# Help on wife sponsoring child



## Mosh123

My wife has a job offer in Dubai – she has been told that the company will not sponsor myself (husband and our child). What is the best way around this? She is not a teacher/nurse/engineer and will not earn over 20k aed per month which I believe is how much you have to earn to sponsor husband if you don’t hold any of the jobs mentioned. 

She has been given a basic income with housing allowance and medical insurance, company has advised they will pay for mine and childs flights and medical also. 

Question is can my wife sponsor only my daughter? I am happy to do the visa runs monthly but don’t want to take my child whose (1years of age) on monthly runs. I will not be working for a year or so

Hope to get some help?


----------



## Mosh123

anyone?


----------



## Nikulet

Hi,

Further to your question, please be informed that in case your wife sponsoring your Child, she is required first to bring "NOC" from the "you" father, if you are out of UAE, the NOC, should be attested form UAE embassy in your country and the ministry of foreign affairs in your country and from ministry of foreign affairs in UAE. If the father is inside UAE then you have to provide NOC to your wife allowing her to sponsor your child under her name and what are the reason why you are not able to sponosr your child. Attached your passport and visa copy (visit visa or tourist).

Kindly find below the required documents to sponsor the kids:


• Application form (from typing center)
• A copy of the sponsor’s passport. 
• A copy of the sponsored passport. 
• Attested birth certificates of your child / and Marriage certificate. 
• Attested labour contract if she is working in private company and salary certificate if she is working in the government or Freezone area and her salary must not be less than 3000AED basic+ accommodation or 4000AED.
• Emirates ID copy.
• Tenancy contract attested from land department or from ejari - you will pay 195 to attest Tenacy contract inside Dubai Immigration.
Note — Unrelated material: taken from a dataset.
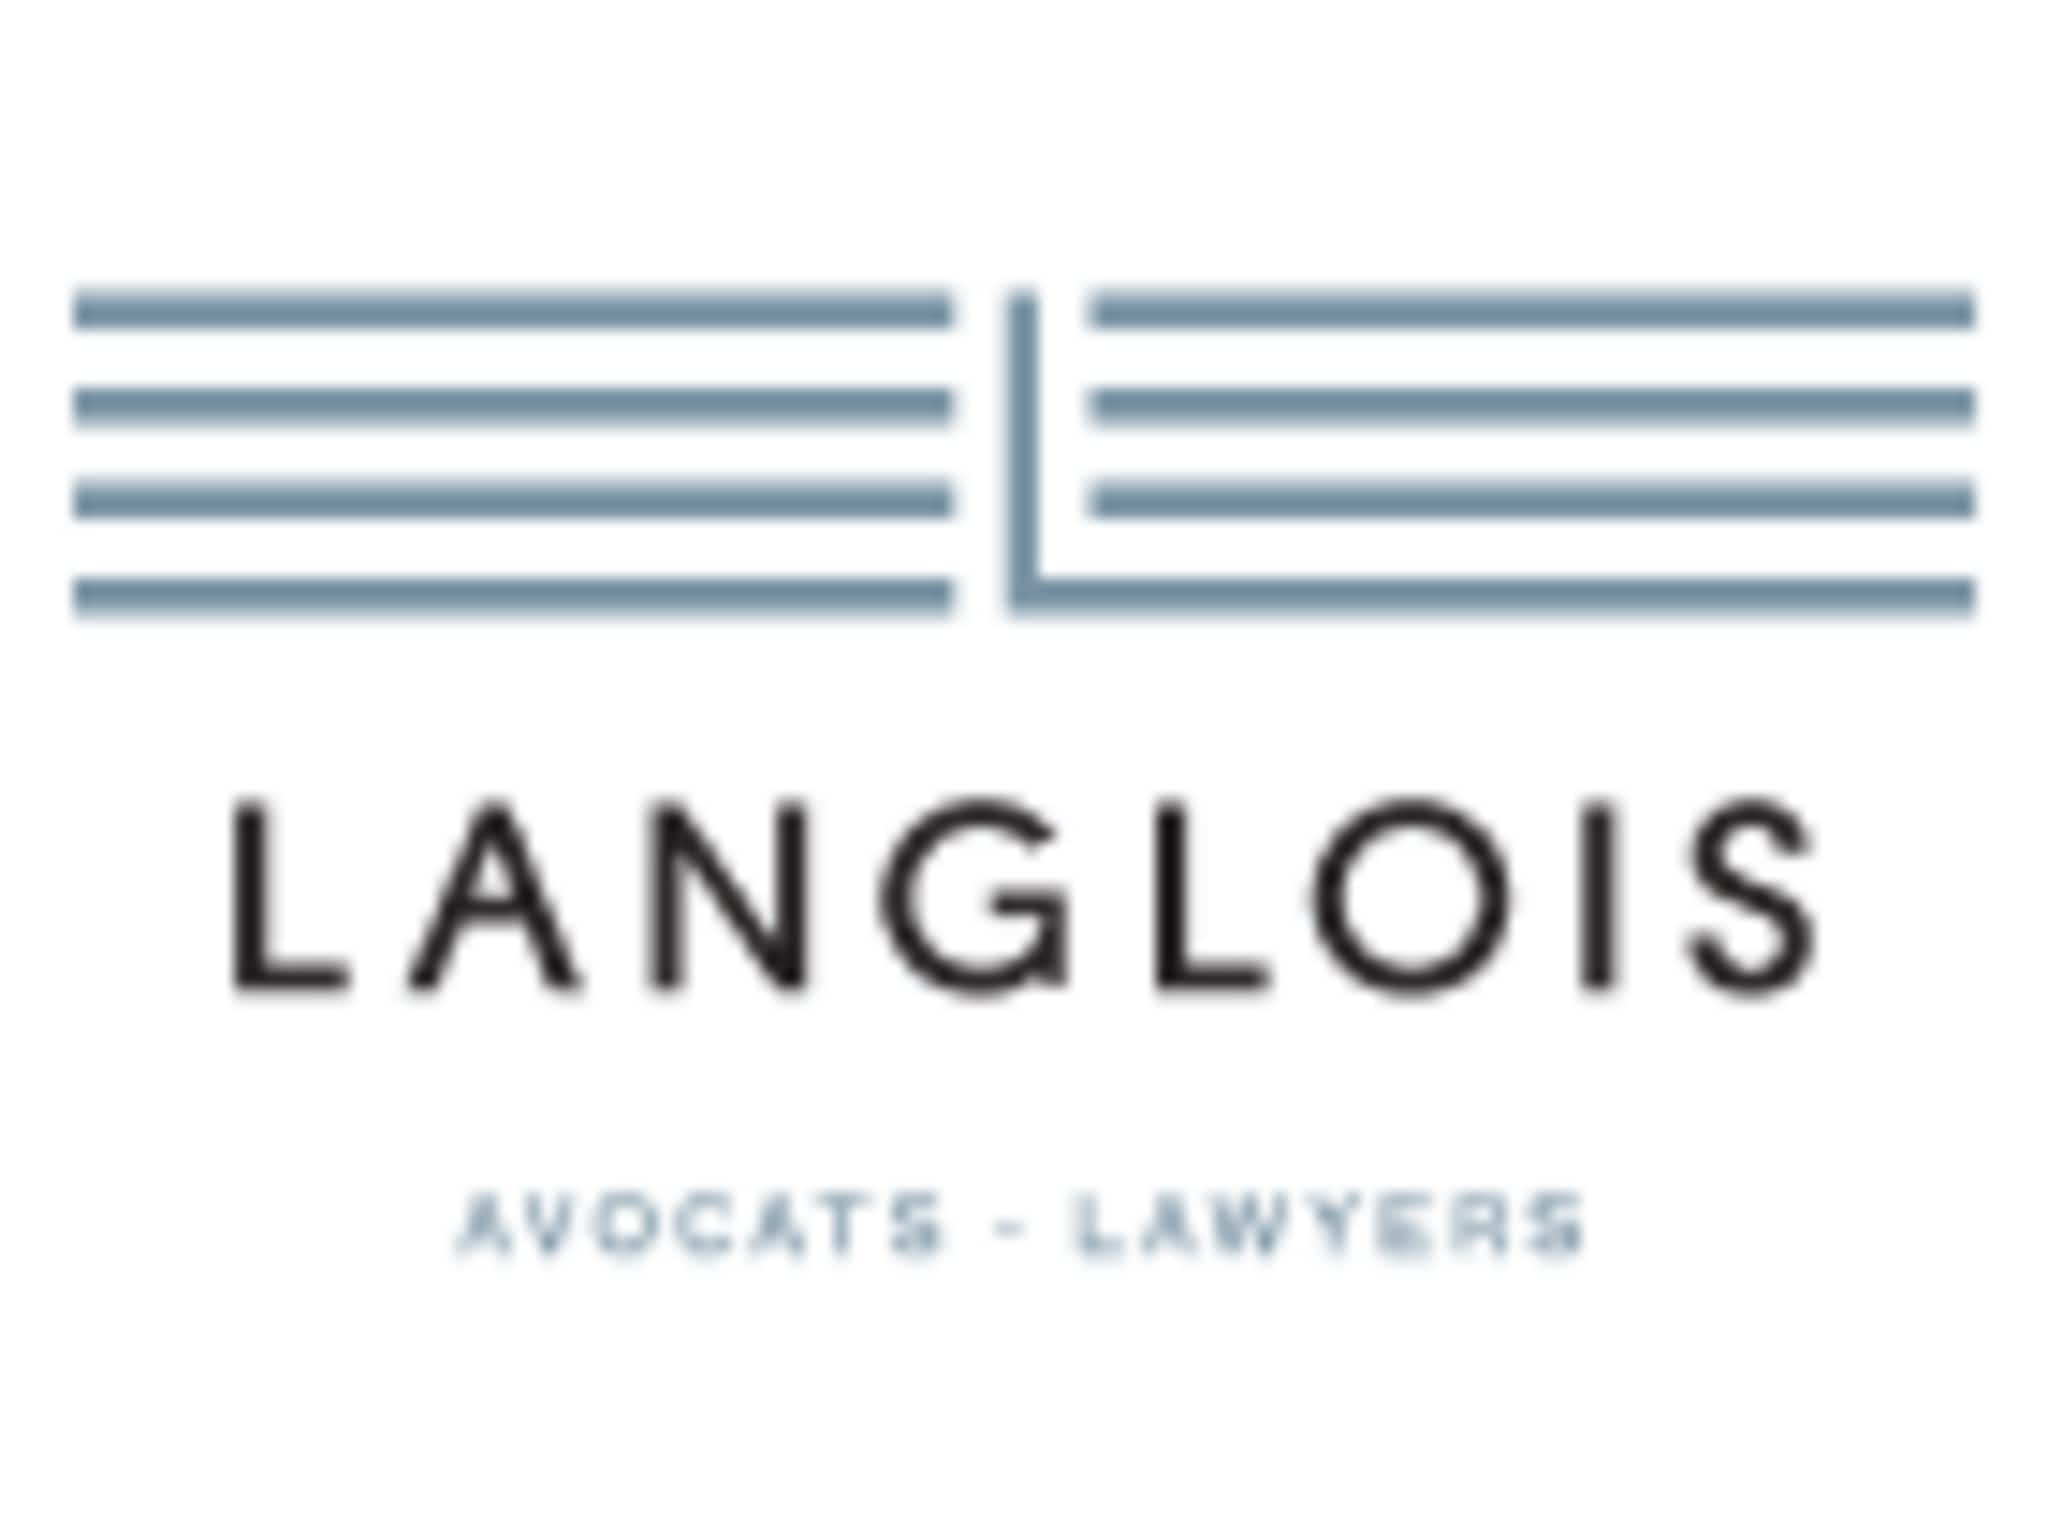 photo Langlois avocats - lawyers

Tenancy contract should be under her name.

Fees:
• AED 240 Application fee (e-form) for each application. 
• No deposit for children.

Notes


• The birth certificate must be certified and stamped from the ministry of foreign affairs in your country and the UAE Embassy in your country, then to stamp from the ministry of foreign affairs here inside UAE.


• For the marriage contract, please be informed that to stamp it from the ministry of foreign affairs in your country and the UAE Embassy in your country or from your consulate in UAE and your ministry of foreign affairs .

Don't worry your wife will be able to sponsor your child, I just got residence visa for my daughter yesterday. My husband lost his job 2 months back and I got him visit visa for 3 months under my name and after that I took residence visa for my child. Just complete all required documents and go to the nearest imiigration office (I'm preferred to in Jafliya Immigration). She will apply directly in women's section.


----------



## annandkix

*Wife sponsoring child*

I am also a mother and looking for a way to sponsor my daughter in Dubai. What if the mother does not have tenancy contract? Can immigration give exemption?


----------



## Nikulet

Hi,

As far as I know they will require you to have a tenancy contract. Because when I applied for my daughter this is the first document they asked from me but may I suggest if you can go to Immigration directly. They might allow you to sponsor your daughter without tenancy contract.

thanks


----------



## cydulagan

*Noc*

A pleasant day!
Hi, I am a Filipino residing in Abu Dhabi. I want to bring my son for a residence visa here in UAE. I have read that one of the requirement is NOC from the father.
Do you have a sample for NOC, I want to bring my son to study here in UAE since my company gives a free educational assistance till 18 years of age. However, my husband will not be joining because we are on the process of nullifying our marriage. But he is willing to give an NOC. The problem is we need a sample or template for this. Thank you!


----------



## Jules05

*Profession required?*

Ni Nikulet - I was informed that as a mother I would have to be in medicine/engineering/education to sponsor my daughter? I fulfill all other requirements, but I work in tech.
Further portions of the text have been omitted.